March 25, 2013
By Deanna Isaacs
Silk Road Rising cofounder Jamil Khoury says the uproar over Manhattan's Ground Zero mosque inspired both his new play in progress, "Mosque Alert," and his attempt to crowdsource the playwriting process via a Web page.
"I wanted to start a conversation," Khoury says. And he did.
He started with six monologues, each of them anchored in a character and steeped in issues that include homophobia, immigration, and women's rights. Then he let them crash into each other in "conflict scenes" resulting in lines of dialogue like "Muslim men should be the ones wearing veils—over their dicks."
The "Mosque Alert" project is an ambitious undertaking, a nine-step process built around "civic engagement" and intended to culminate in a full-length play and a film. Khoury's already been laboring on it for two years, and what it's yielded so far is not a plot but a situation: two families—one Christian, one Muslim—caught up in a battle over a proposal to build a mosque in Naperville. (That would be in suburban DuPage County, where, in fact, battles over two mosque-building proposals are currently making their way through the courts.)
It has also produced a library of videos that includes a brief biography for each of the six characters, along with individual riffs—developed in collaboration with the actors—on topics such as "family drama" and "being an American." Anyone with a computer and Internet access can view these minidramas and, if they choose, participate in the process by leaving comments on the site. Khoury, who believes this online workshopping is a "theater first" and "the next frontier in new-play development," takes them all into consideration and periodically weighs in himself.

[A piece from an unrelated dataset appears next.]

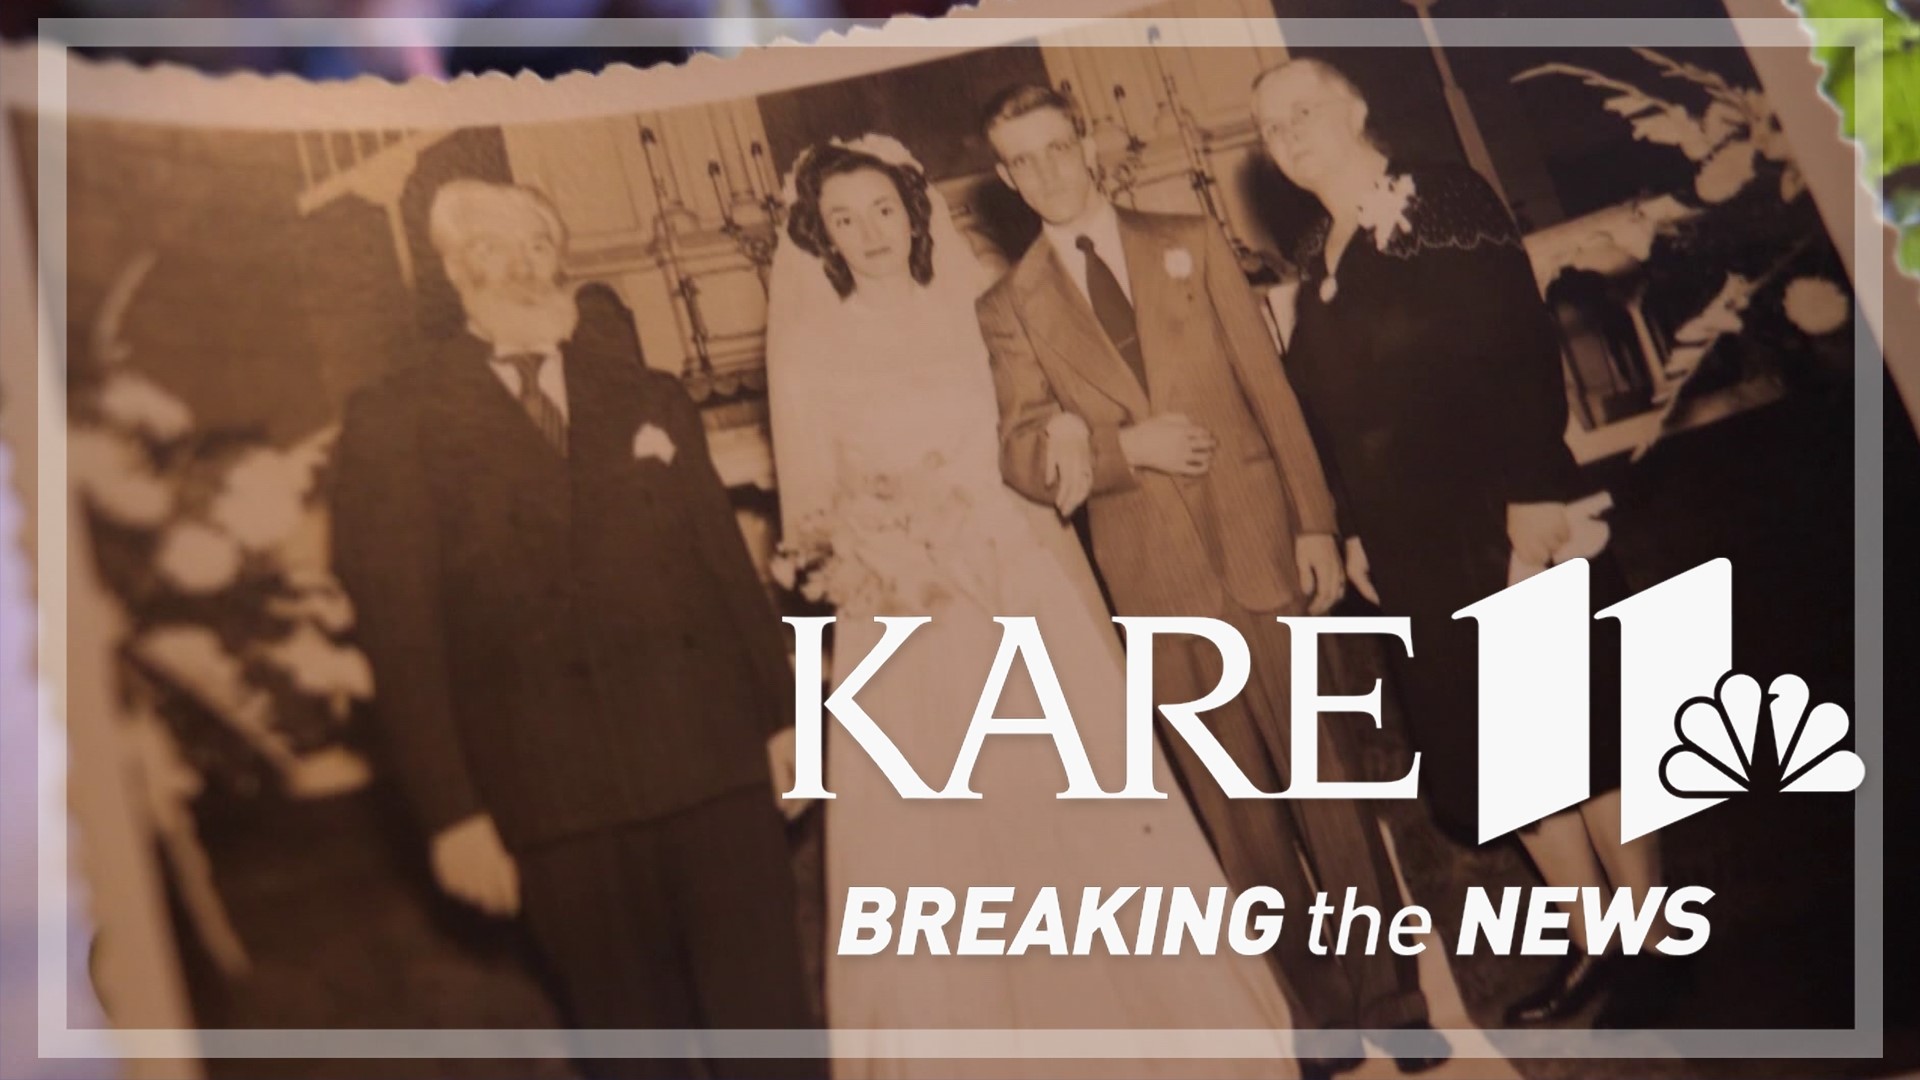 The Minnesota couple will also celebrate 75 years of marriage in August.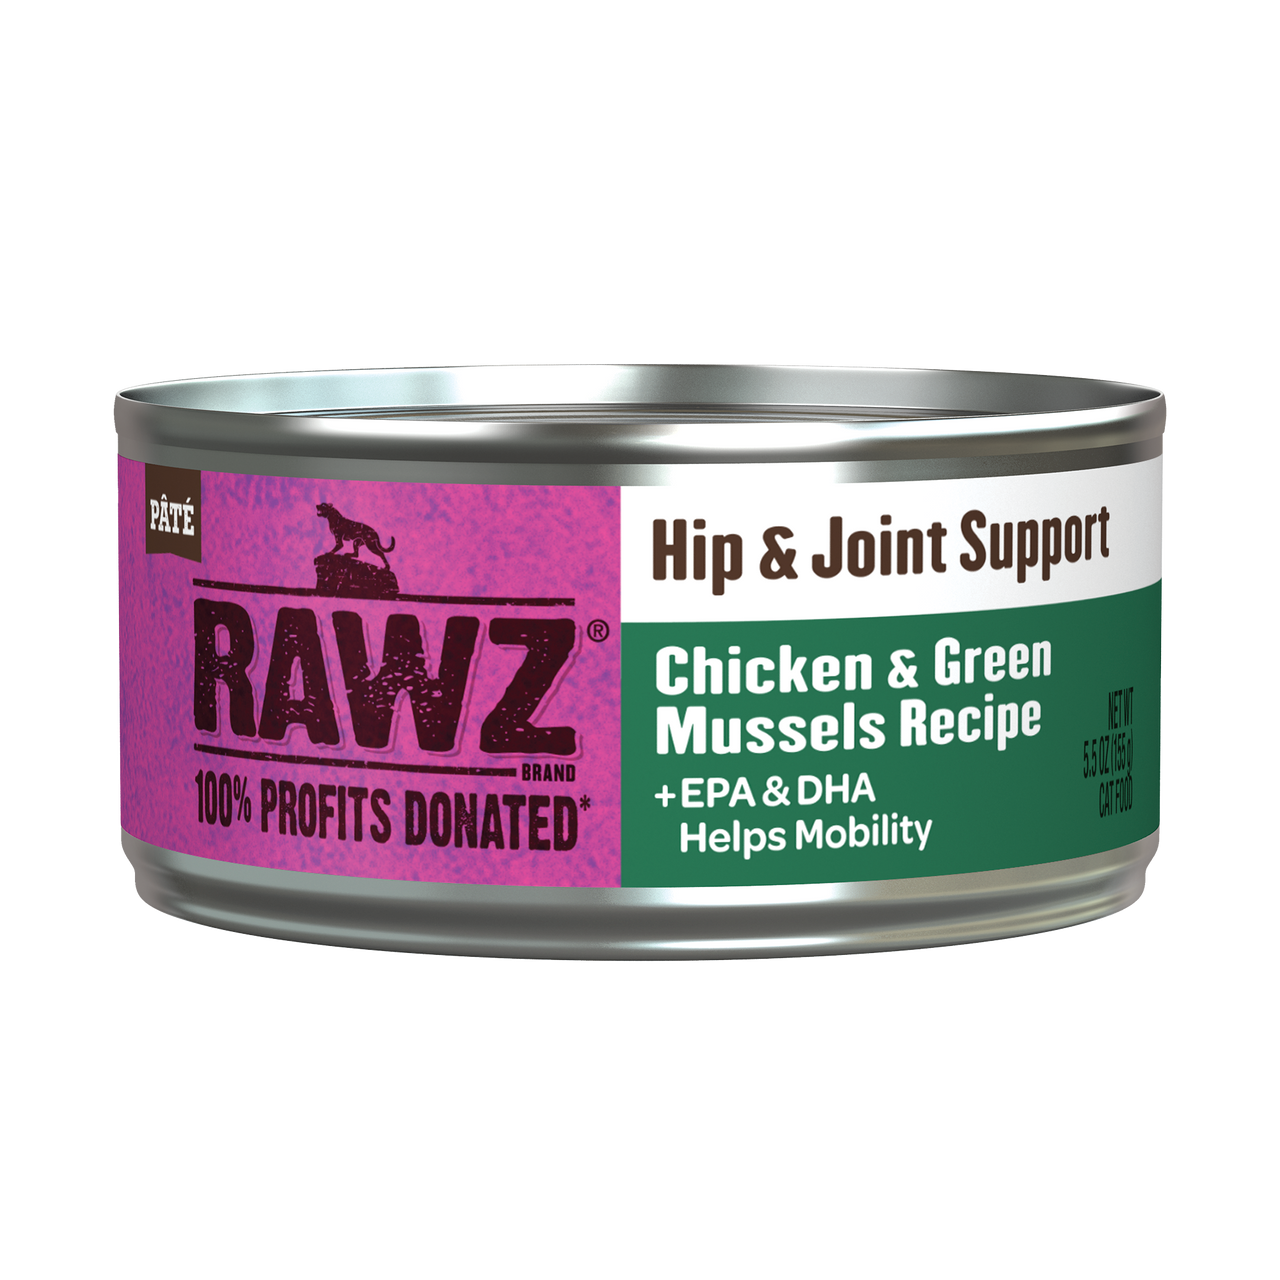 Rawz Hip & Joint Chicken & Green Mussels Cat Canned 5.5oz

Although the potential online audience is enormous, the numbers so far are relatively modest: 11,000 viewings, and a little over 200 comments. (Obscene or obscure postings are weeded out; Khoury says they've been few.) But the geographic spread is impressive. People are watching "Mosque Alert" scenes everywhere from the Caribbean to the Middle East, including countries that routinely engage in censorship. "The fact that Silk Road is so small removes us from anyone's radar," Khoury says, and "people in those countries are clicking on the videos. They're not commenting, but the fact that they're watching from beginning to end tells me that there's a certain curiosity. I think that's great, because we're having conversations you can't legally have in places like Saudi Arabia."
What visitors to the website get is an episodic and intimate look at the lives of a half dozen mostly attractive characters, caught up in a troubled situation that you might be able to relate to. You could have an intellectual position on that situation, and that might fuel your interest, but at this stage, the appeal feels a lot like the draw of a really good soap opera. These two fictional families are very watchable, and watching them might be addictive.
Or the vignettes might flop right over into the thing that Khoury is most afraid of: the preachy political correctness and didacticism of the after-school special. It's a real danger, as each character is battling not only the mosque controversy but the stereotypical personal history he or she has been dealt. The Christian family, the Bakers, includes a hard-right father who's running for mayor, a quasi-liberated mother, a liberal gay son, and an adopted-from-China daughter who's had a bad experience with a Muslim boyfriend. The Muslim family, the Khans, is made up of a beleaguered husband who happens to be the imam of the mosque in question, his less conciliatory wife, a pharmacist, and their two young (and unseen) children.
This is a recipe for glaze-over that sharp dialogue, good direction, astute editing, and fine acting pretty much trump so far. The videos benefit from exceptional performances, particularly by Khurram Mozaffar, totally convincing and winning as Imam Mustafa Khan. His nemesis, Charles Baker—who spouts lines like "It's the so-called moderate Muslims we have to worry about"—is another matter. A fairly common reaction, both online and at a presentation at Silk Road earlier this month, is "one-dimensional jerk."
And that's a dilemma for Khoury, who argues that Baker's positions are not unrealistic. "These are politics we see in op-ed pieces, from Fox News commentators, and in speeches at the Republican National Convention. They are relatively mainstream ideas." On the other hand, he adds, "I don't want this to be about demonizing people I don't agree with. It's a balancing act. My struggle."
Khoury's checked off four steps of the nine-step program he set for himself. Next up is the hard one: writing the first draft of the play, which he plans to do this summer. That'll be followed by a series of staged readings, probably next fall or winter. Meanwhile, the global online workshop remains open for comments.